5. Can you identify any clusters within the top/botton 10% identified in 2. What are their characteristics?

6. Use the "SA" dataset to compare the performance of 3 different anomaly detection algorithms.

7. Create a subsample of 250 datapoints, redo question 6, using Leave-one-out as the method of evaluation.

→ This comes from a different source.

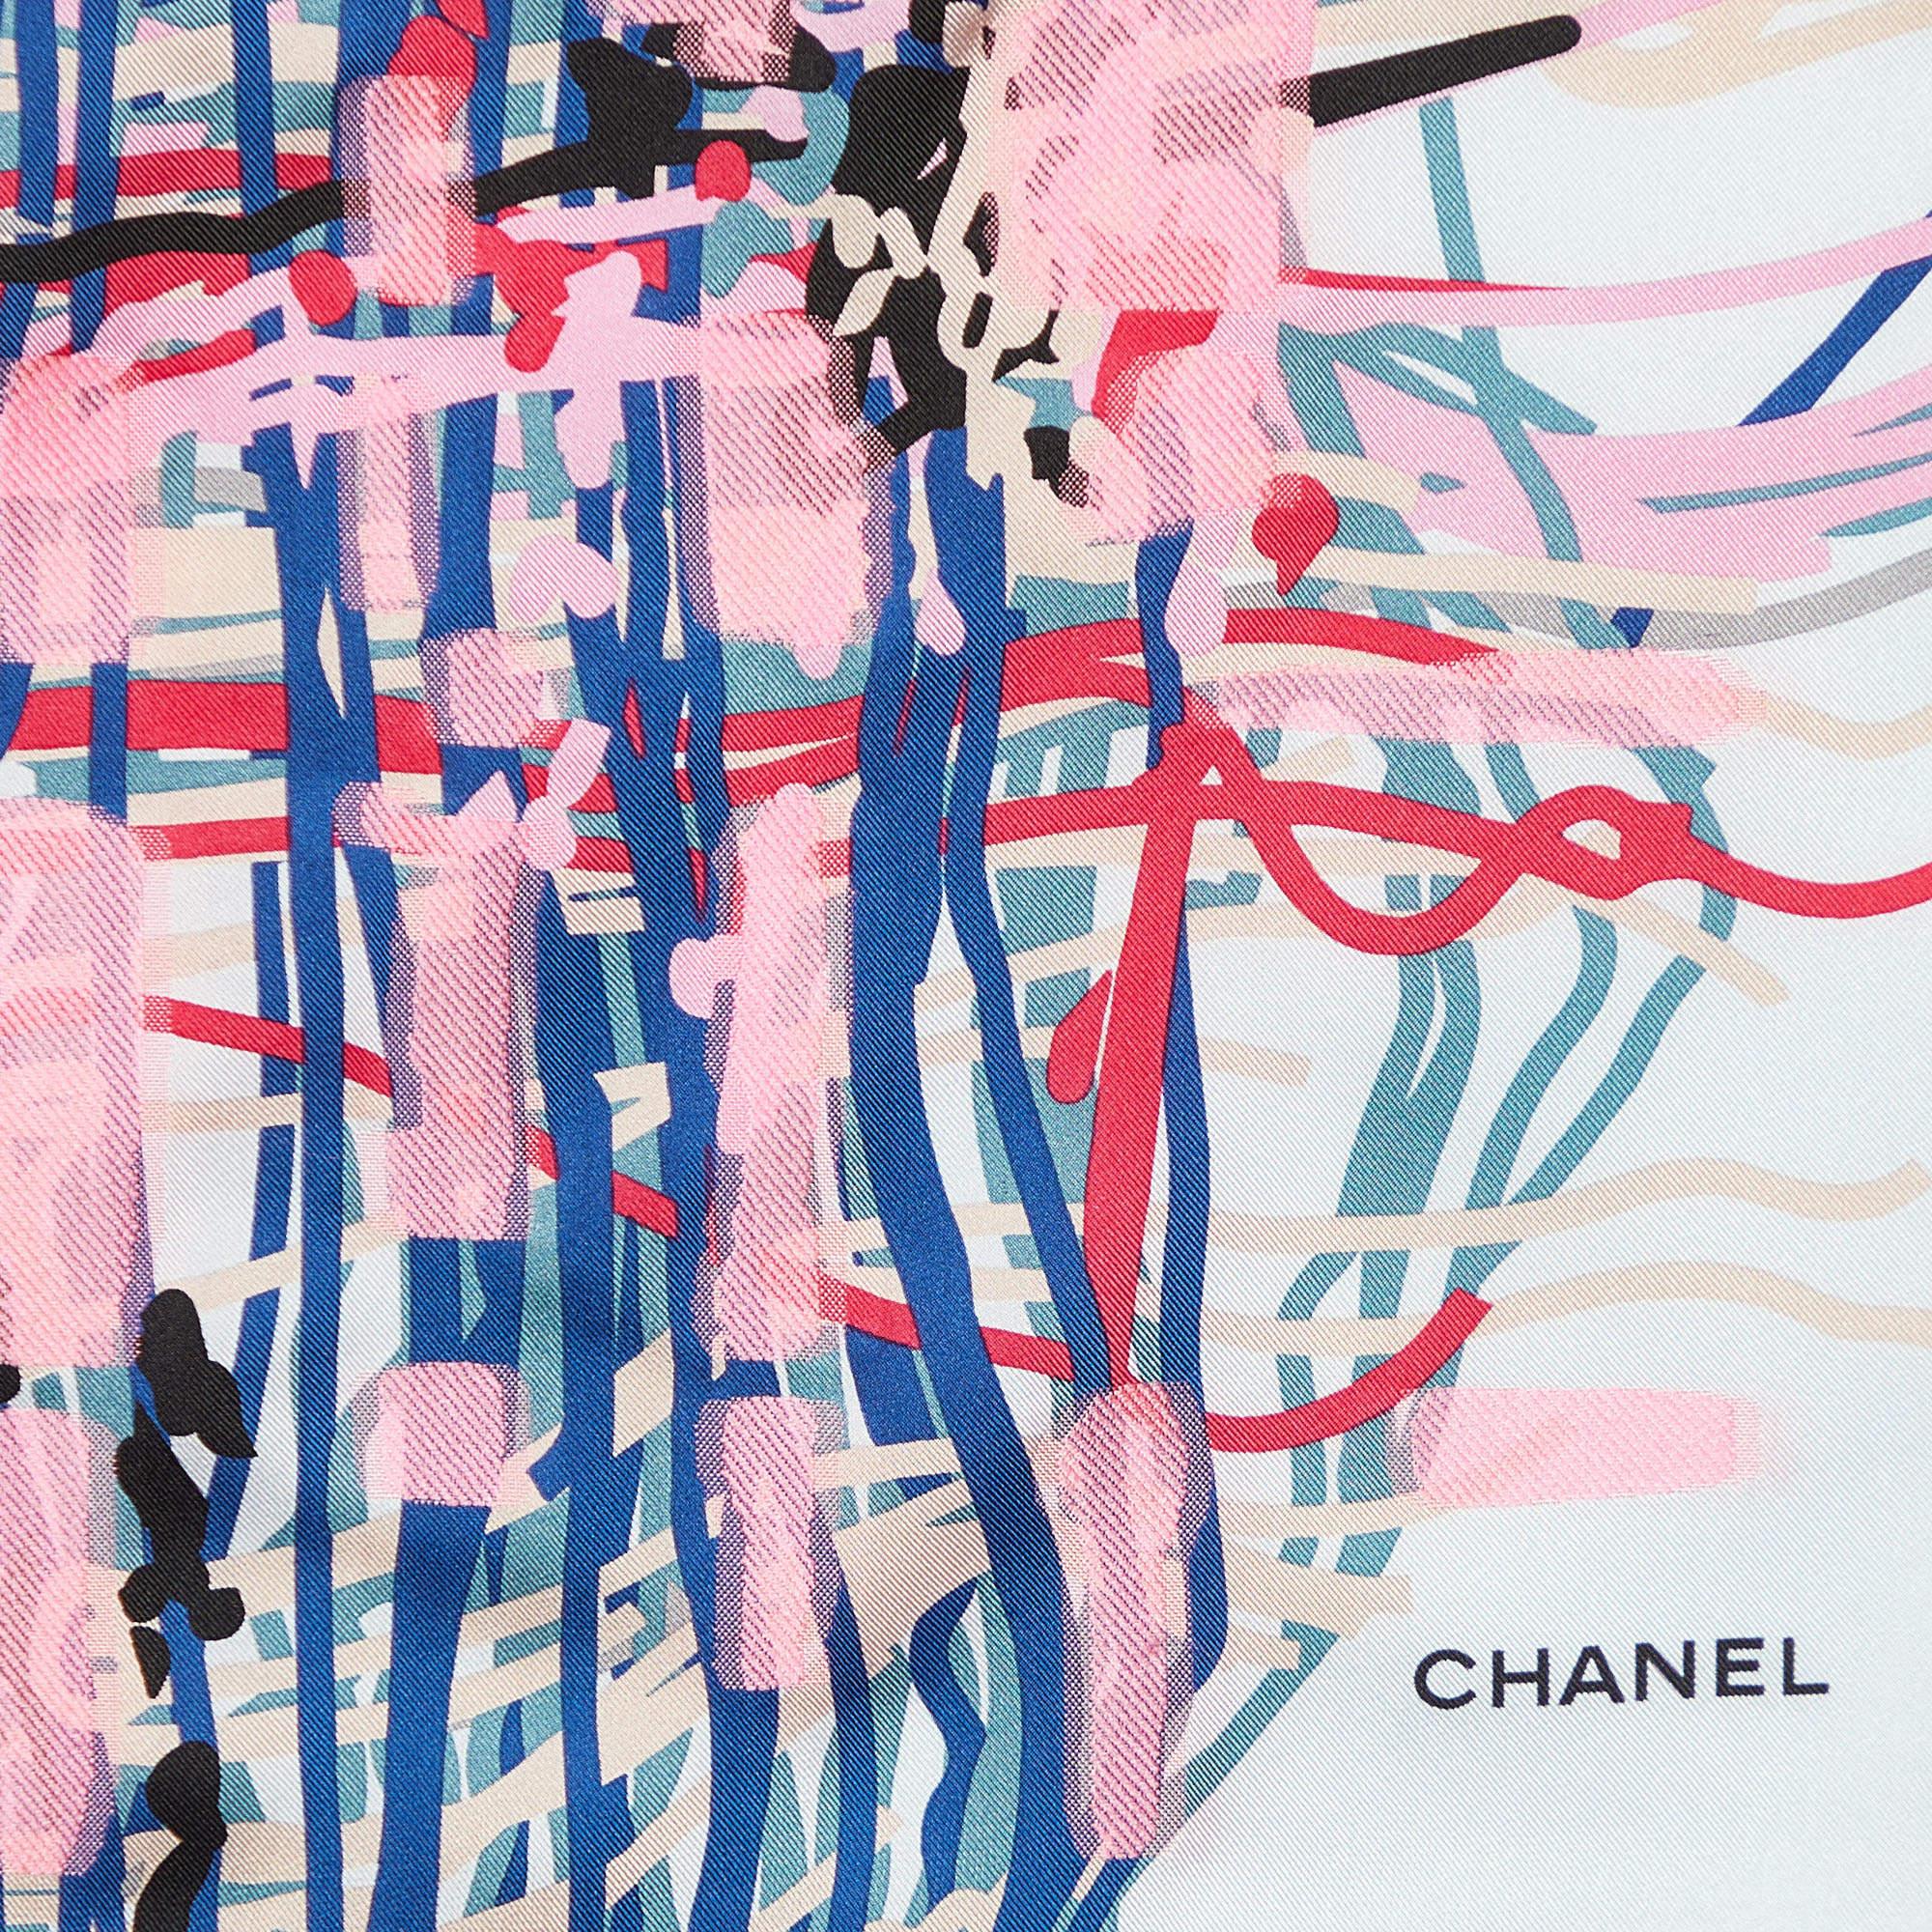 Dieser Chanel-Schal ist die perfekte Ergänzung zu Ihrem stilvollen Look! Sie wurde aus weichen Materialien in einem vielseitigen Farbton genäht und mit einem CC-Akzent verziert, der ihr eine besondere Note verleiht. Wickeln Sie es um Ihren Hals, um
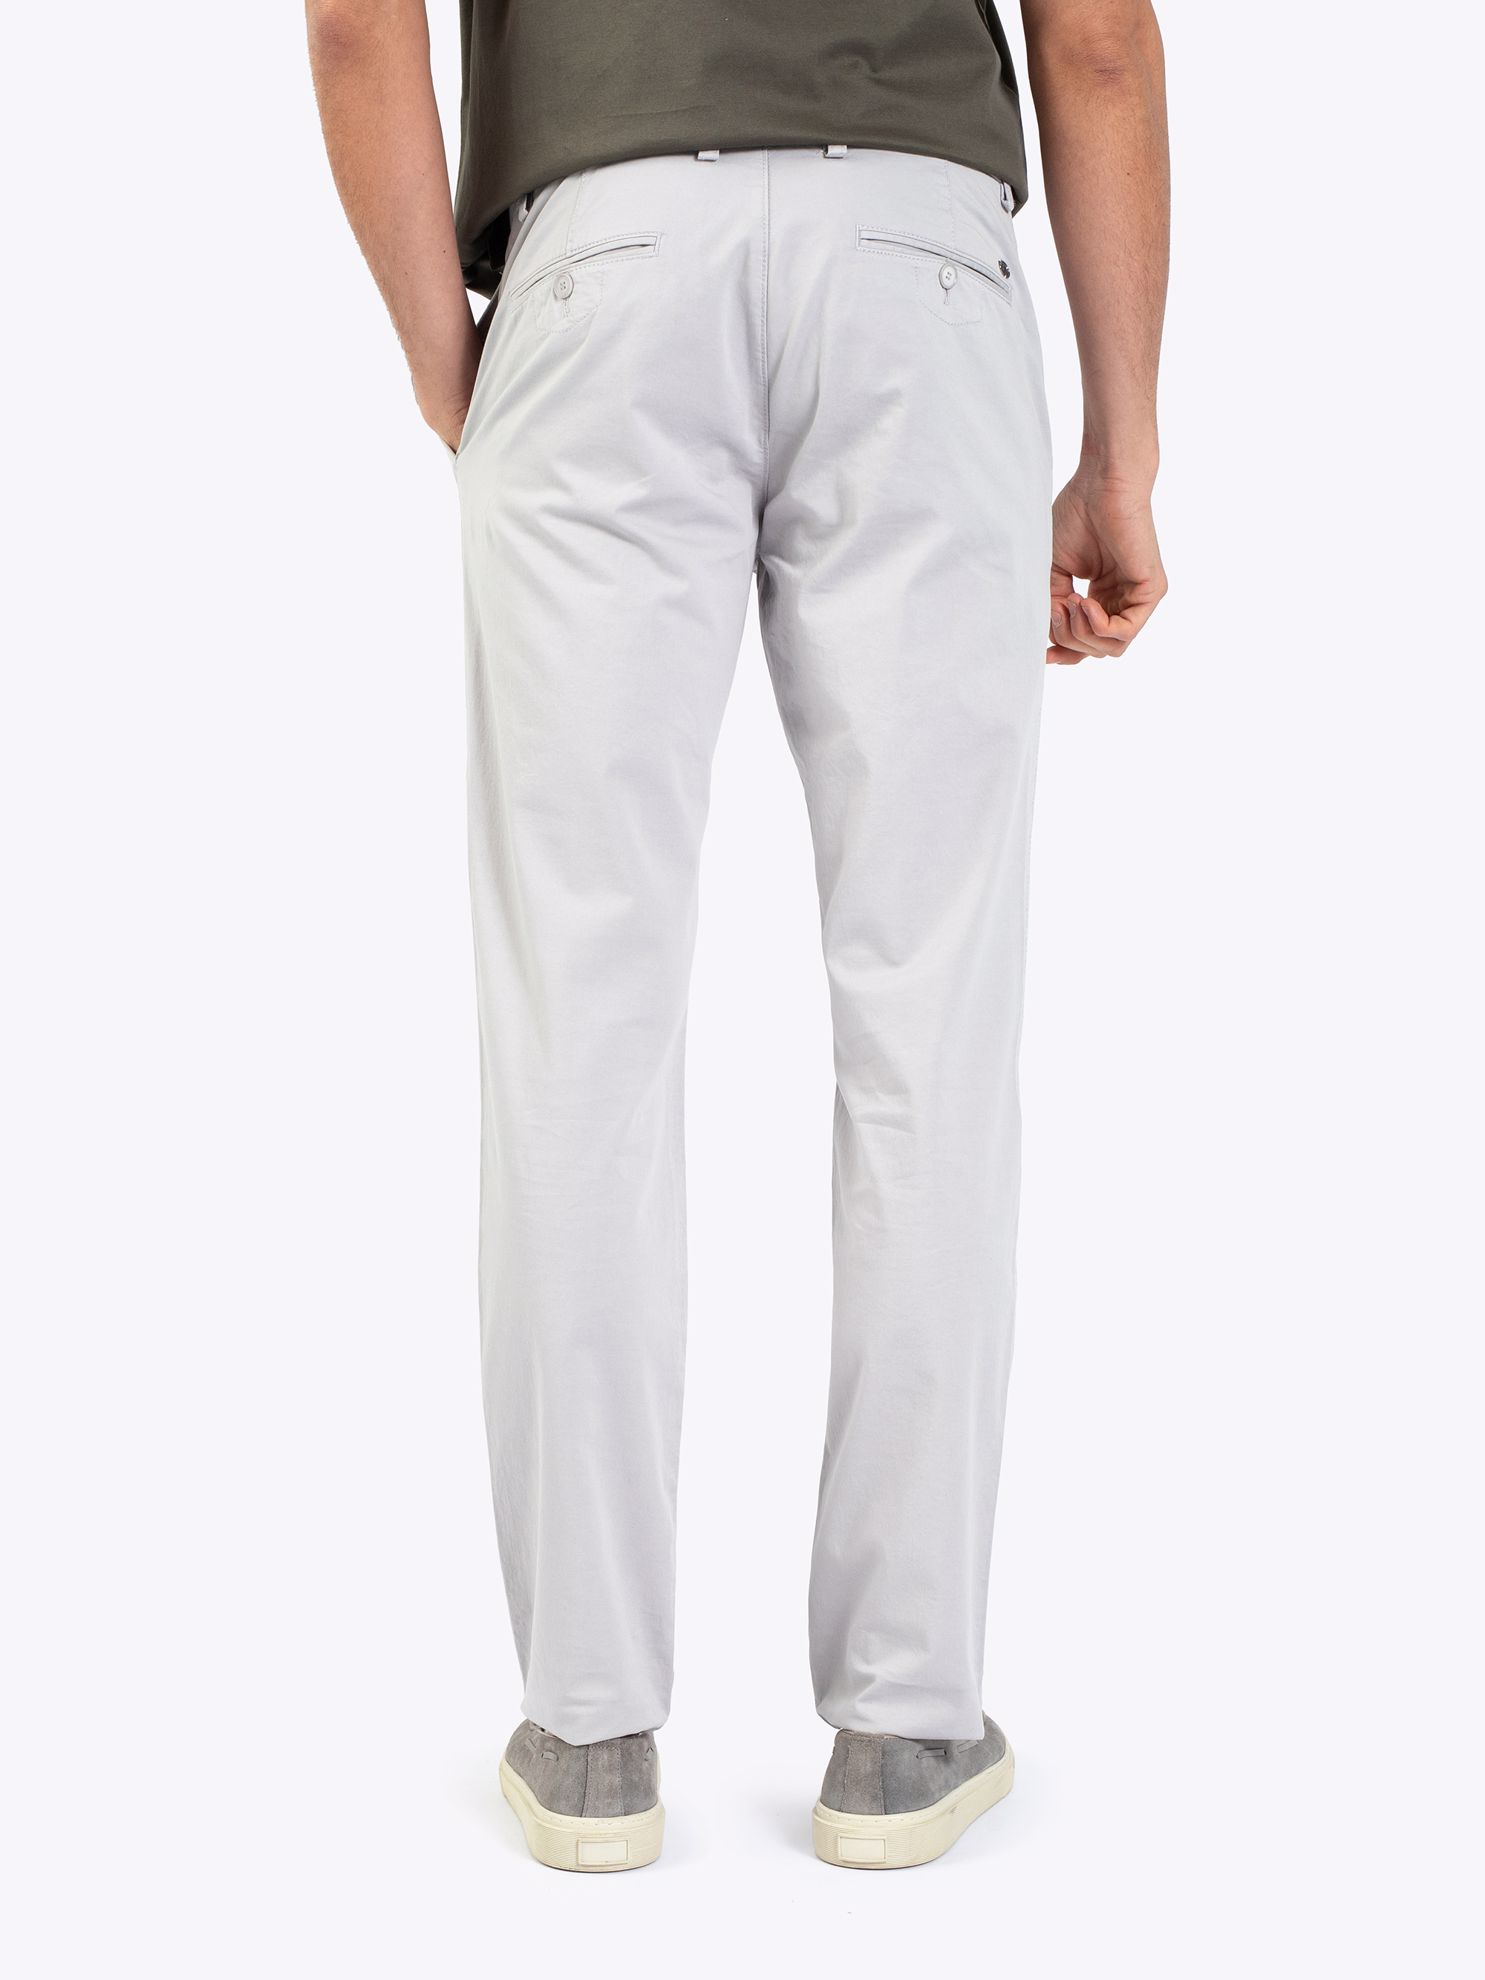 Karaca Erkek 6 Drop Pantolon-Açık Gri. ürün görseli

8. Use the feature selection algorithm to identify the 5 most important features for the task in question 6, for each algorithm. Does the anomaly detection improve using less features?

## Quick look at the data

In [1]:
import numpy as np
import pandas as pd
import matplotlib.pyplot as plt
import seaborn as sns
from sklearn.model_selection import train_test_split, GridSearchCV
from sklearn.metrics import accuracy_score, classification_report, silhouette_score
from sklearn.ensemble import RandomForestClassifier, VotingClassifier
from sklearn.svm import SVC
from sklearn.linear_model import LogisticRegression
from sklearn.datasets import make_classification
from sklearn.preprocessing import StandardScaler, LabelEncoder
from sklearn.pipeline import Pipeline
from sklearn.ensemble import RandomForestClassifier
from sklearn.feature_selection import RFE, SelectFromModel
from sklearn.cluster import KMeans, DBSCAN, AgglomerativeClustering
from sklearn.mixture import GaussianMixture
from mpl_toolkits.mplot3d import Axes3D
from sklearn.datasets import fetch_kddcup99
D=fetch_kddcup99()

In [2]:
dir(D)

['DESCR', 'data', 'feature_names', 'frame', 'target', 'target_names']

In [3]:
print(D["DESCR"])

.. _kddcup99_dataset:

Kddcup 99 dataset
-----------------

The KDD Cup '99 dataset was created by processing the tcpdump portions
of the 1998 DARPA Intrusion Detection System (IDS) Evaluation dataset,
created by MIT Lincoln Lab [2]_. The artificial data (described on the `dataset's
homepage <https://kdd.ics.uci.edu/databases/kddcup99/kddcup99.html>`_) was
generated using a closed network and hand-injected attacks to produce a
large number of different types of attack with normal activity in the
background. As the initial goal was to produce a large training set for
supervised learning algorithms, there is a large proportion (80.1%) of
abnormal data which is unrealistic in real world, and inappropriate for
unsupervised anomaly detection which aims at detecting 'abnormal' data, i.e.:

* qualitatively different from normal data
* in large minority among the observations.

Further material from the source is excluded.